Un premier bilan des derniers événements montre aussi que le Premier ministre Nagib Mikati a réussi à calmer les islamistes et s’est senti suffisamment fort pour répondre clairement et directement aux attaques du courant du Futur.
Mais les plus grands gagnants sont certainement les courants islamistes qui ont réussi à s’imposer tant sur la scène populaire qu’au niveau de l’État, en obtenant la remise en liberté de Mawlaoui, mais aussi un rappel à l’ordre à l’armée.
Pourtant, ce dossier n’est pas encore clos, puisque après le refus d’une enquête militaire, les partisans de cheikh Abdelwahed restent pour l’instant discrets, alors que les investigations suivent leur cours.
Selon des sources proches de l’enquête, les événements se seraient déroulés de la manière suivante : le PSNS avait décidé d’organiser une cérémonie en commémoration de la tragédie de Halba en mai 2008 (il faut d’ailleurs noter qu’en 2008, après cette tuerie, le PSNS avait été contraint à quitter la région et il y est revenu au fur et à mesure au point d’y organiser un rassemblement).
Au dernier moment, Khaled Daher a décidé d’en faire de même, dans un lieu très proche de celui du PSNS.
L’armée avait reçu des instructions très strictes pour empêcher l’arrivée d’armes aux deux cérémonies. Une unité héliportée avait été envoyée sur les lieux pour veiller strictement à la sécurité des deux meetings.
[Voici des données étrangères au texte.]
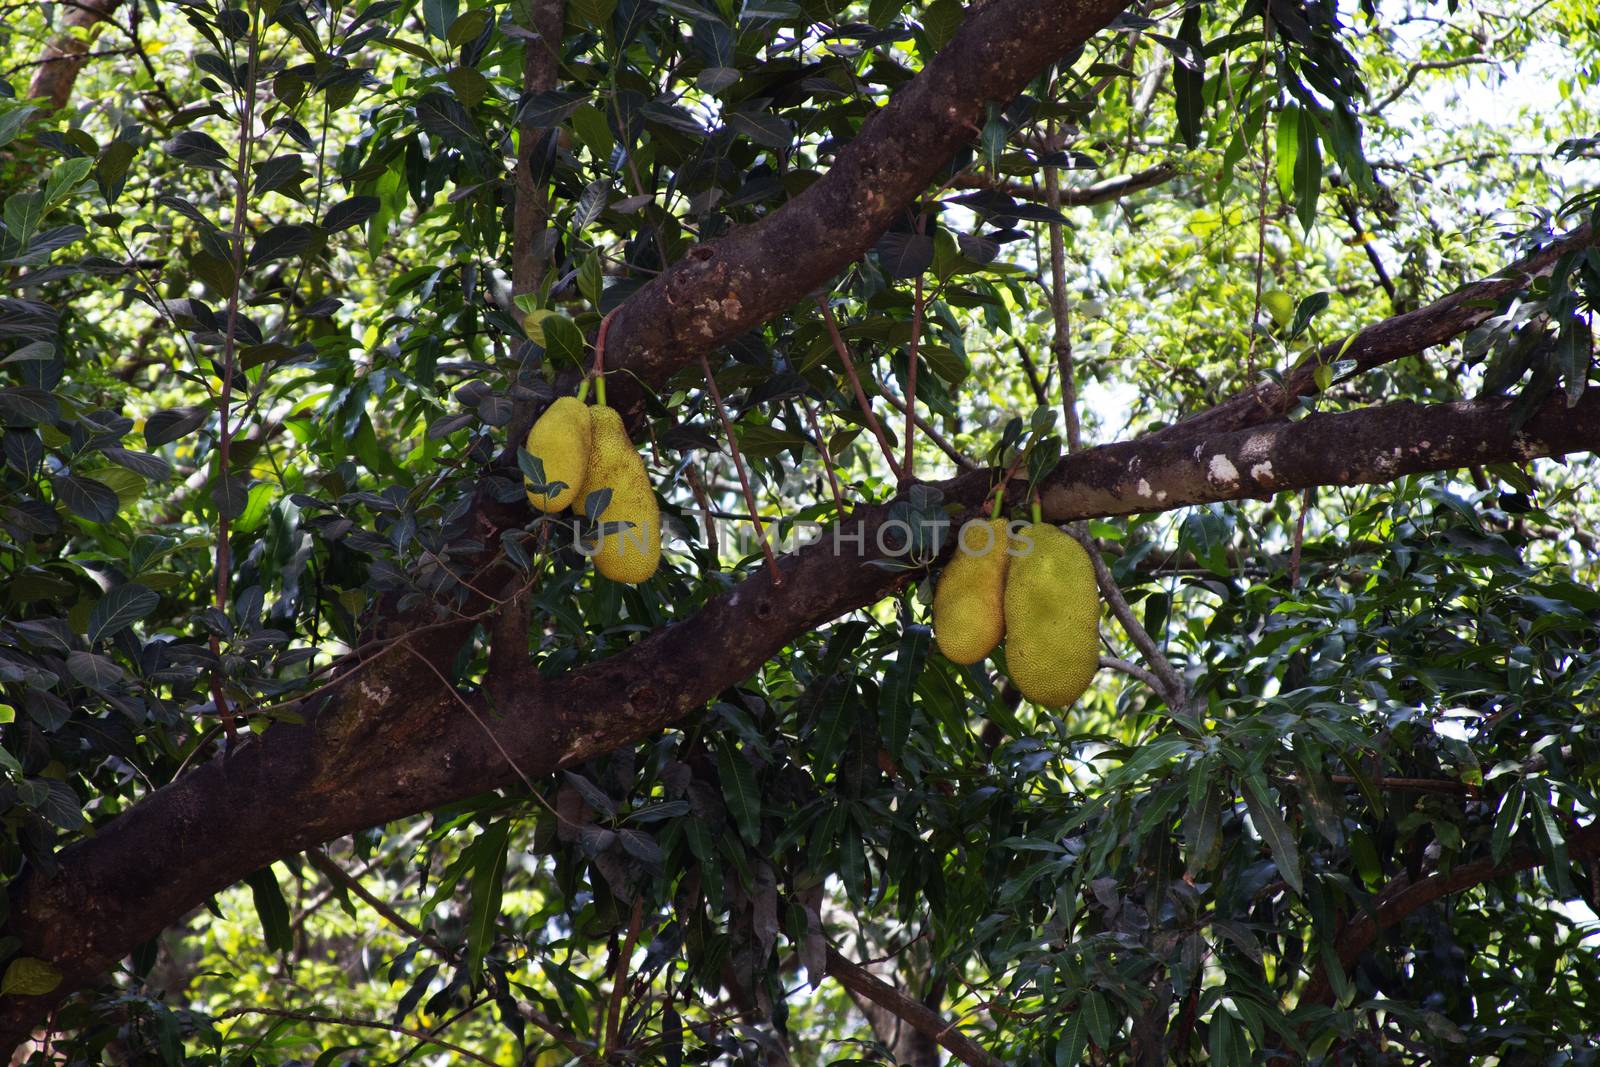 Tree with large fruits of a jackfruit. India Goa.

Elle avait d’ailleurs arrêté une voiture appartenant au PSNS et transportant deux revolvers.
Soudain deux 4×4 aux vitres teintées arrivent au barrage de l’armée. Elles sont sommées de s’arrêter. Cheikh Abdelwahed sort de l’une d’elles et parle aux soldats les invitant à fouiller la voiture de protection. Tout aurait pu bien se passer, mais un des responsables du barrage demande à fouiller la voiture du cheikh. Il y aurait eu alors un échange un peu vif et les gardes du corps auraient demandé au cheikh de monter rapidement dans l’auto, avant de tirer puis de démarrer brutalement.
Les soldats ont riposté, faisant ainsi deux morts.
De toute façon, 19 soldats sont encore arrêtés. Mais la campagne contre l’armée a baissé d’un cran et les soldats ont pu mener une opération réussie mercredi soir à Caracas qui leur a permis de découvrir un véritable arsenal et d’arrêter un militant d’el-Qaëda, à la faveur d’un incident isolé…
En même temps, le courant du Futur cherche à reprendre l’initiative… en mobilisant autour de lui le 14 Mars pour tenter une nouvelle fois de faire chuter le gouvernement, au moment où Walid Joumblatt réaffirme son attachement à la présente équipe.